An extremely frugal man, Groucho saved for years, but weathered three costly divorces after the stock market crash. As he would say, "I worked myself up from nothing to a state of extreme poverty."

Years later, in the 1950s, he was invited to take a tour of the New York Stock Exchange. Suddenly, while in the observation booth, he grabbed the public address system and began singing "Lydia the Tattooed Lady" and "When Irish Eyes Are Smiling."

Trading stopped, as a sergeant at arms tried to wrest control of the microphone.

"Listen, you crooks," Groucho yelled out to the trading floor. "You wiped me out of $250,000 in 1929. For that kind of dough, I'm entitled to sing if I want to."

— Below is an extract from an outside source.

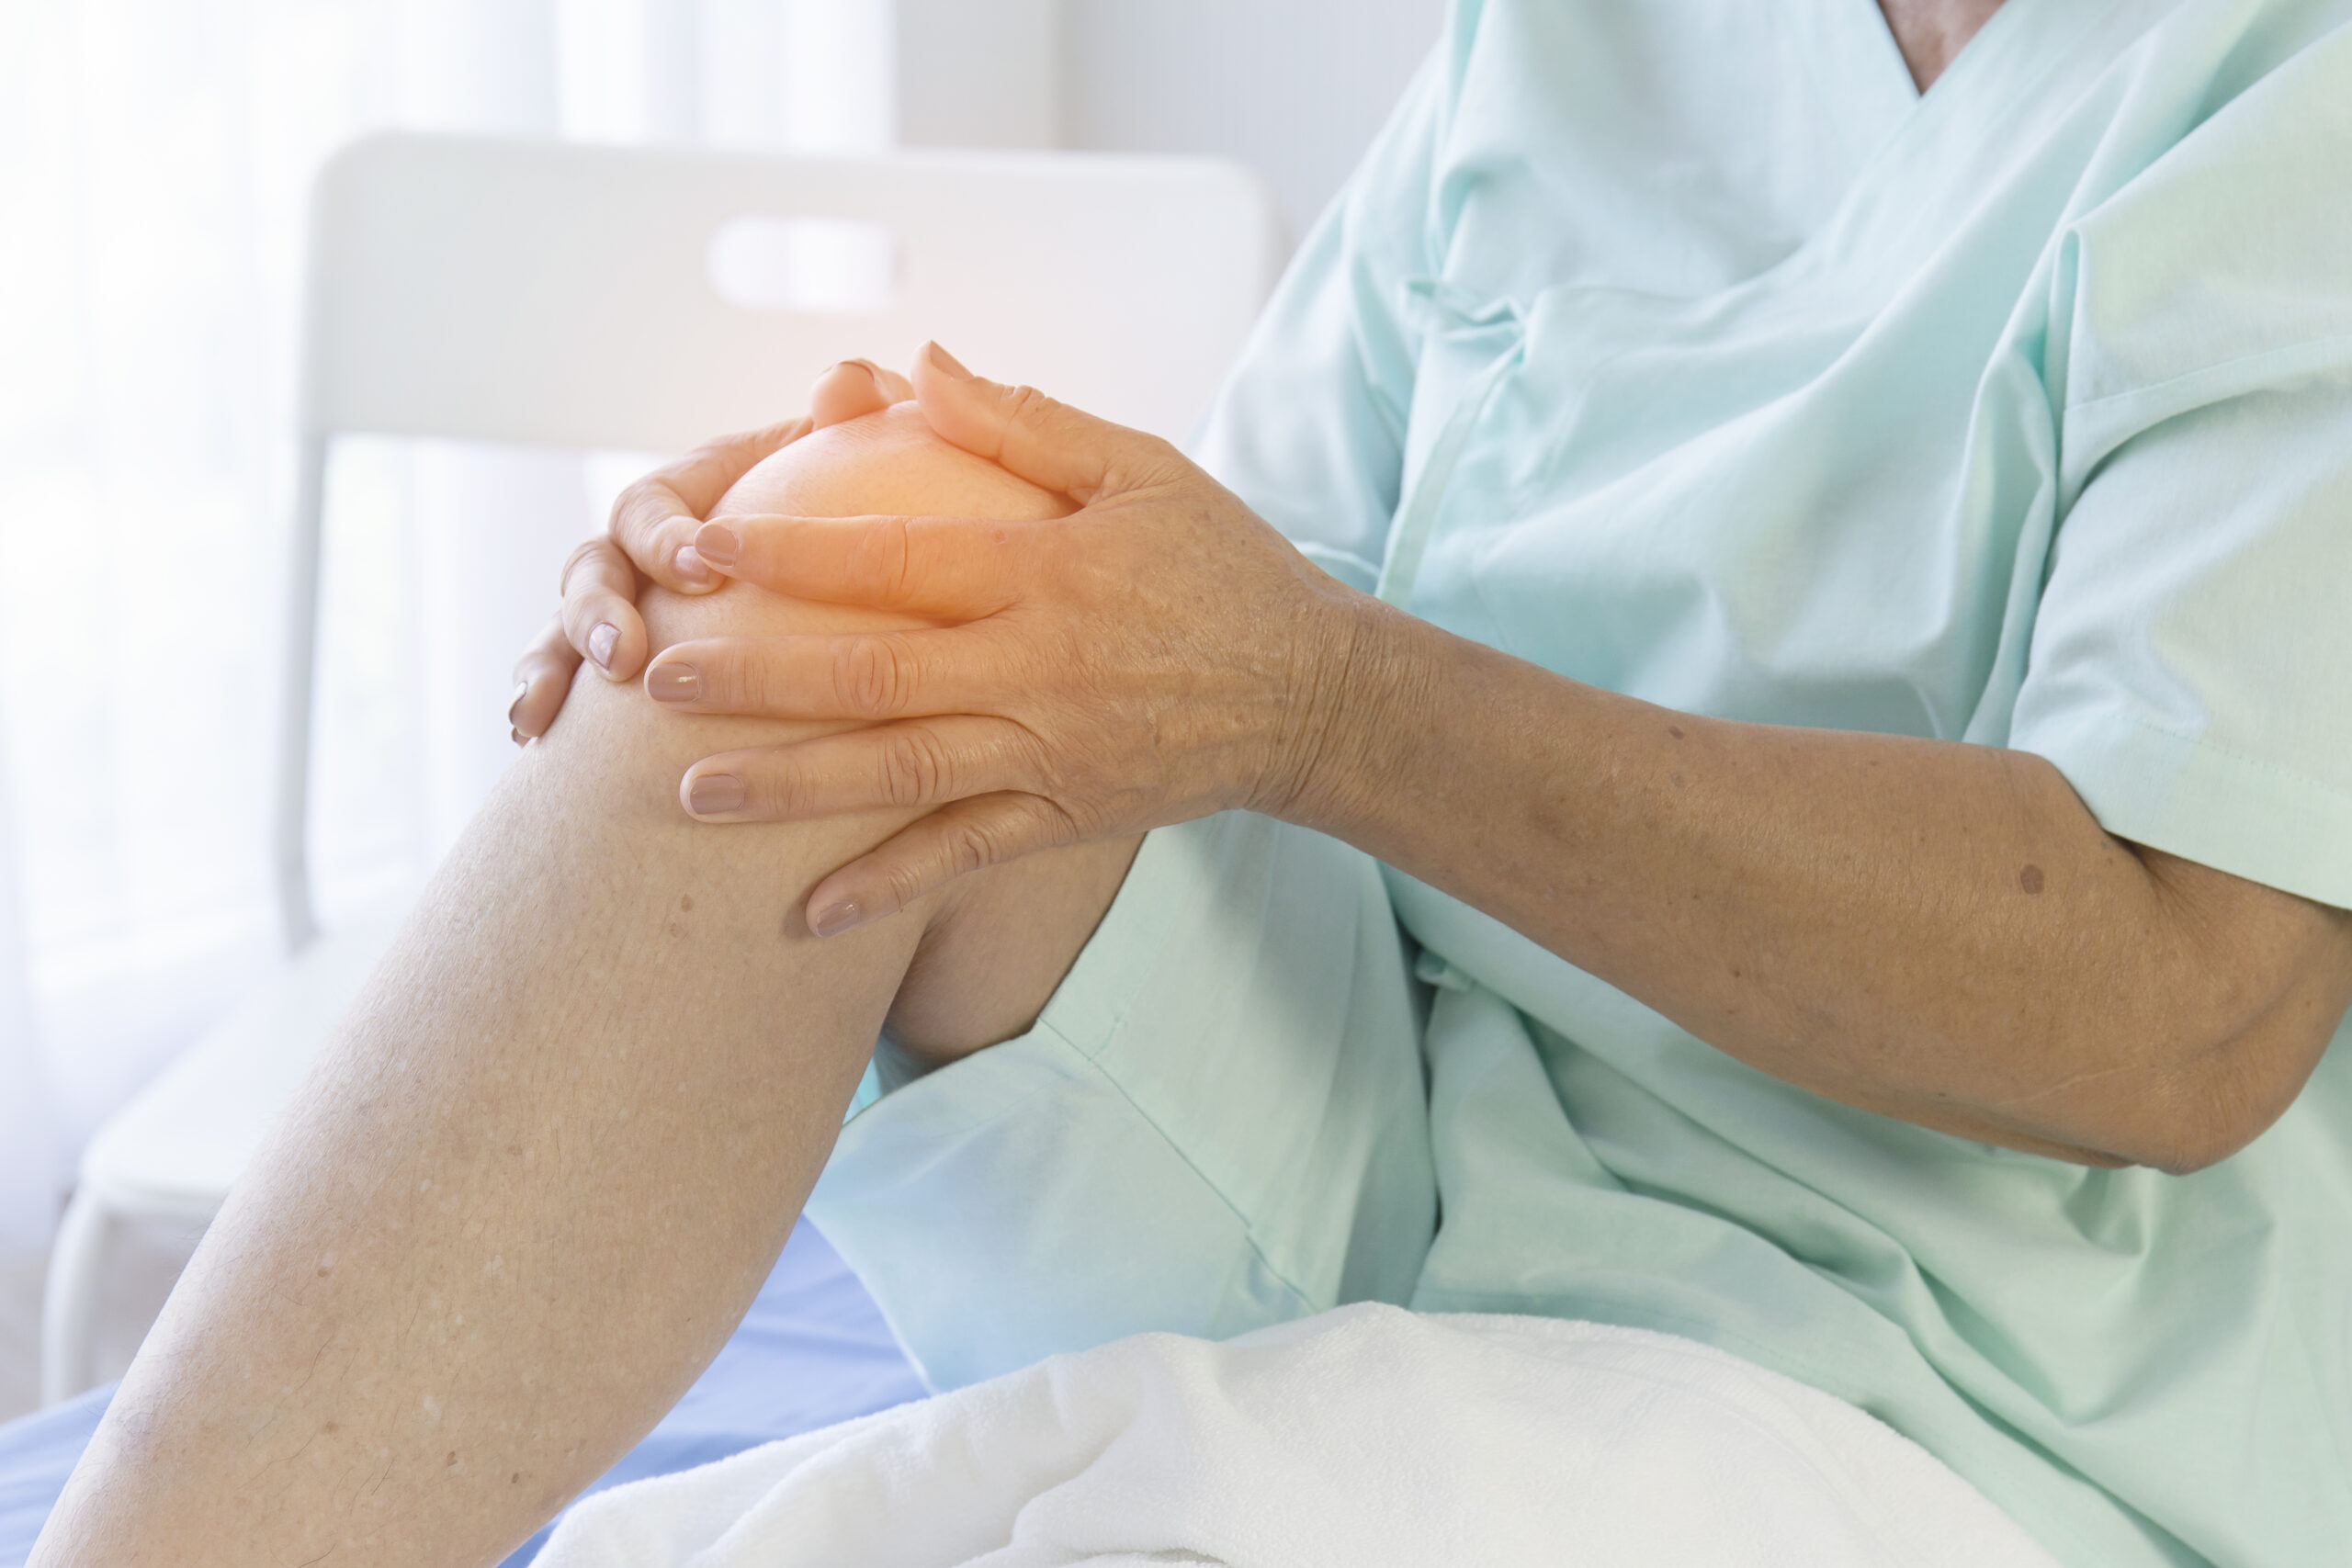 Na zdjęciu widać kobietę, która cierpi na osteoporozę i ma ból kolana. Osteoporoza powoduje osłabienie kości, co zwiększa ryzyko urazów i kontuzji. Ból kolana może być jednym z objawów osteoporozy i wymagać specjalistycznej opieki i leczenia. Zdjęcie to może stanowić inspirację dla osób cierpiących na osteoporozę, aby szukać pomocy medycznej i podjąć odpowiednie kroki w celu złagodzenia bólu i poprawy jakości życia.

So, for about 15 minutes, trading came to a halt, as Groucho got his money's worth, singing, dancing and telling jokes, as the Wall Street stock ticker ran blank and traders cheered.

Equal Opportunity Offender More often than not, Groucho was a man of inspired nonsense. This is a man who once shot an elephant in his pajamas. How the elephant got in his pajamas, we'll never know.

And this self-educated, voracious reader became one of America's greatest wits. "Outside of a dog, a book is a man's best friend," Groucho said. "Inside of a dog, it's too dark to read."

By the time he was emceeing the game show You Bet Your Life on radio and TV, contestants were lining up to subject themselves to Groucho's abuse, and he was an equal opportunity offender.

He once asked a tree surgeon, "Have you ever fallen out of a patient?" He told an author, "It won't do you any good to plug your book on my show, because none of our listeners can read."

Groucho, it seemed, could say anything to anybody, and he couldn't be flattered.

"Mr. Marx, I'd like to thank you for all the joy that you've put into this world," a Catholic priest once said.

"And I'd like to thank you for all the joy you've taken out of this world," Groucho replied.

Even when he won a prestigious Peabody Award for being Radio's Best Comedian of the Year in 1949, Groucho disparaged George Foster Peabody, in whose honor the award was named. "It's a good thing he died," he said, "or we wouldn't have won any prizes."